Running via Calabi Pipelines (Production)
The standard production pattern uses a Calabi Pipelines DAG to orchestrate Calabi Transform runs on a schedule. This gives you full control over execution order, retry behaviour, alerting, and integration with upstream ingestion pipelines.
Recommended DAG Pattern
from datetime import datetime, timedelta
from airflow.decorators import dag, task
from airflow.operators.bash import BashOperator
default_args = {
"owner": "data-engineering",
"retries": 1,
"retry_delay": timedelta(minutes=5),
"email_on_failure": True,
"email": ["data-alerts@example.com"],
}
@dag(
dag_id="calabi_transform_daily",
description="Run Calabi Transform models and tests after Calabi Connect syncs complete",
schedule="0 4 * * *", # 04:00 UTC daily — after overnight syncs
start_date=datetime(2024, 1, 1),
catchup=False,
default_args=default_args,
tags=["transform", "dbt", "daily"],
)
def calabi_transform_daily():
check_source_freshness = BashOperator(
task_id="check_source_freshness",
bash_command="cd /opt/dbt/calabi_project && dbt source freshness --profiles-dir /opt/dbt/profiles",
)
run_staging = BashOperator(
task_id="run_staging_models",
bash_command="cd /opt/dbt/calabi_project && dbt run --select staging --profiles-dir /opt/dbt/profiles",
)
run_intermediate = BashOperator(
task_id="run_intermediate_models",
bash_command="cd /opt/dbt/calabi_project && dbt run --select intermediate --profiles-dir /opt/dbt/profiles",
)
run_marts = BashOperator(
task_id="run_mart_models",
bash_command="cd /opt/dbt/calabi_project && dbt run --select marts --profiles-dir /opt/dbt/profiles",
)
test_models = BashOperator(
task_id="test_models",
bash_command="cd /opt/dbt/calabi_project && dbt test --profiles-dir /opt/dbt/profiles",
)
generate_docs = BashOperator(
task_id="generate_docs",
bash_command="cd /opt/dbt/calabi_project && dbt docs generate --profiles-dir /opt/dbt/profiles",
)
check_source_freshness >> run_staging >> run_intermediate >> run_marts >> test_models >> generate_docs
dag_instance = calabi_transform_daily()
Running Specific Model Subsets
Use Calabi Pipelines DAG parameters (conf) to pass a model selection to the run:
@task()
def run_selected_models(**context):
import subprocess
conf = context["dag_run"].conf or {}
select = conf.get("select", "staging intermediate marts")
result = subprocess.run(
f"cd /opt/dbt/calabi_project && dbt run --select {select} --profiles-dir /opt/dbt/profiles",
shell=True, capture_output=True, text=True,
)
if result.returncode != 0:
raise Exception(f"dbt run failed: {result.stderr}")
return result.stdout
Trigger from the UI with:
{"select": "marts.fct_orders+"}
Running via Calabi AI Agent
The Calabi AI Agent can trigger and monitor Calabi Transform runs conversationally. This is the fastest path for ad-hoc execution during development or incident response.
Example Agent Commands
- "Run the fct_orders model and its dependencies"

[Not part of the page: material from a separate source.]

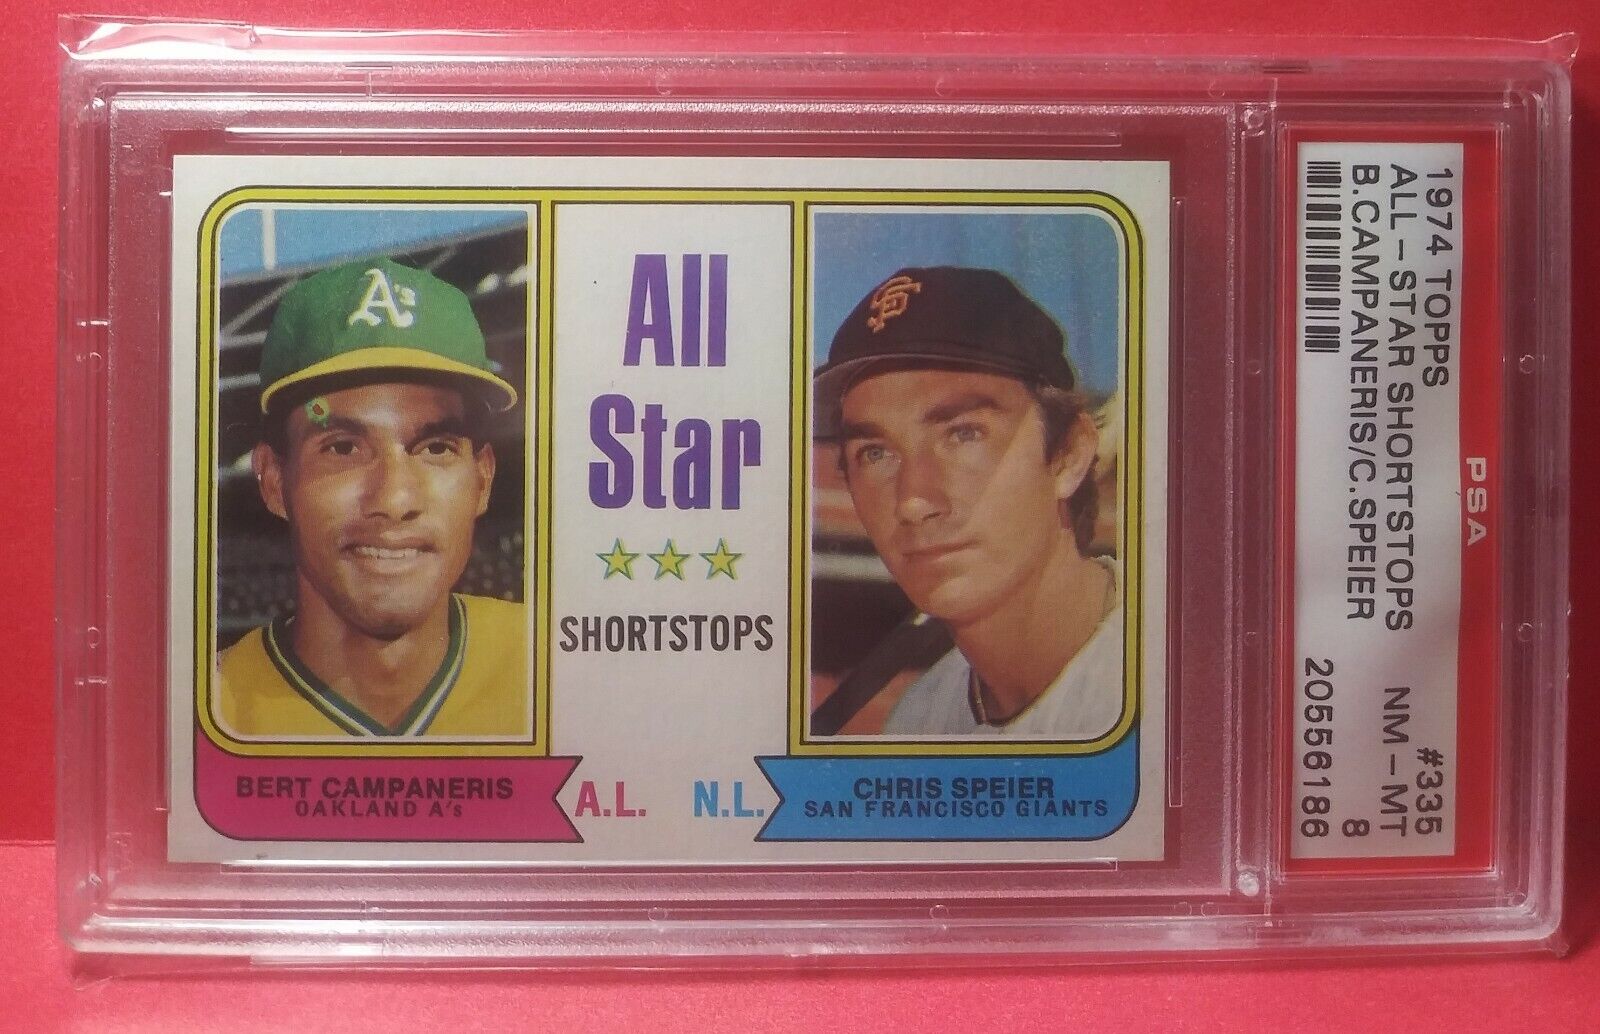 1974 Topps All Star Shortstops Card #335  PSA 8   Bert Campaneris

- "Run all staging models in the Calabi Transform project"
- "Check source freshness for the Salesforce source"
- "Run tests on the mart models and show me any failures"
- "Do a full refresh of the fct_orders table"
- "What models failed in yesterday's Calabi Transform run?"
The agent translates these instructions into the appropriate dbt CLI commands, executes them against your configured Calabi Transform environment, and returns a summary of results.
CLI Reference
When working locally or in a CI environment, use the dbt CLI directly.
Core Commands
# Run all models
dbt run
# Run a specific model
dbt run --select fct_orders
# Run a model and all its upstream dependencies
dbt run --select +fct_orders
# Run a model and all its downstream dependents
dbt run --select fct_orders+
# Run a model plus all upstream and downstream
dbt run --select +fct_orders+
# Run by tag
dbt run --select tag:finance
# Run a specific layer
dbt run --select staging
dbt run --select marts
# Run tests
dbt test
dbt test --select fct_orders
dbt test --select source:*
# Run models and then test them
dbt build --select fct_orders+
# Check source freshness
dbt source freshness
# Compile SQL without running (useful for debugging)
dbt compile --select fct_orders
# Generate documentation artifacts
dbt docs generate
# Serve documentation locally
dbt docs serve
Node Selection Syntax
| Selector | Meaning |
|---|---|
stg_orders | That model only |
+stg_orders | stg_orders and all its upstream models |
stg_orders+ | stg_orders and all its downstream models |
+stg_orders+ | stg_orders, all upstream, all downstream |
staging.* | All models in the staging subdirectory |
tag:daily | All models with the daily tag |
source:jaffle_shop | All models that read from the jaffle_shop source |
path:models/marts | All models in the marts path |
Checking Run Results
In the Terminal
A successful dbt run prints a summary:
Running with dbt=1.8.0
Found 24 models, 48 tests, 6 sources
Concurrency: 4 threads (target='prod')
1 of 24 START sql view model staging.stg_orders ........................... [RUN]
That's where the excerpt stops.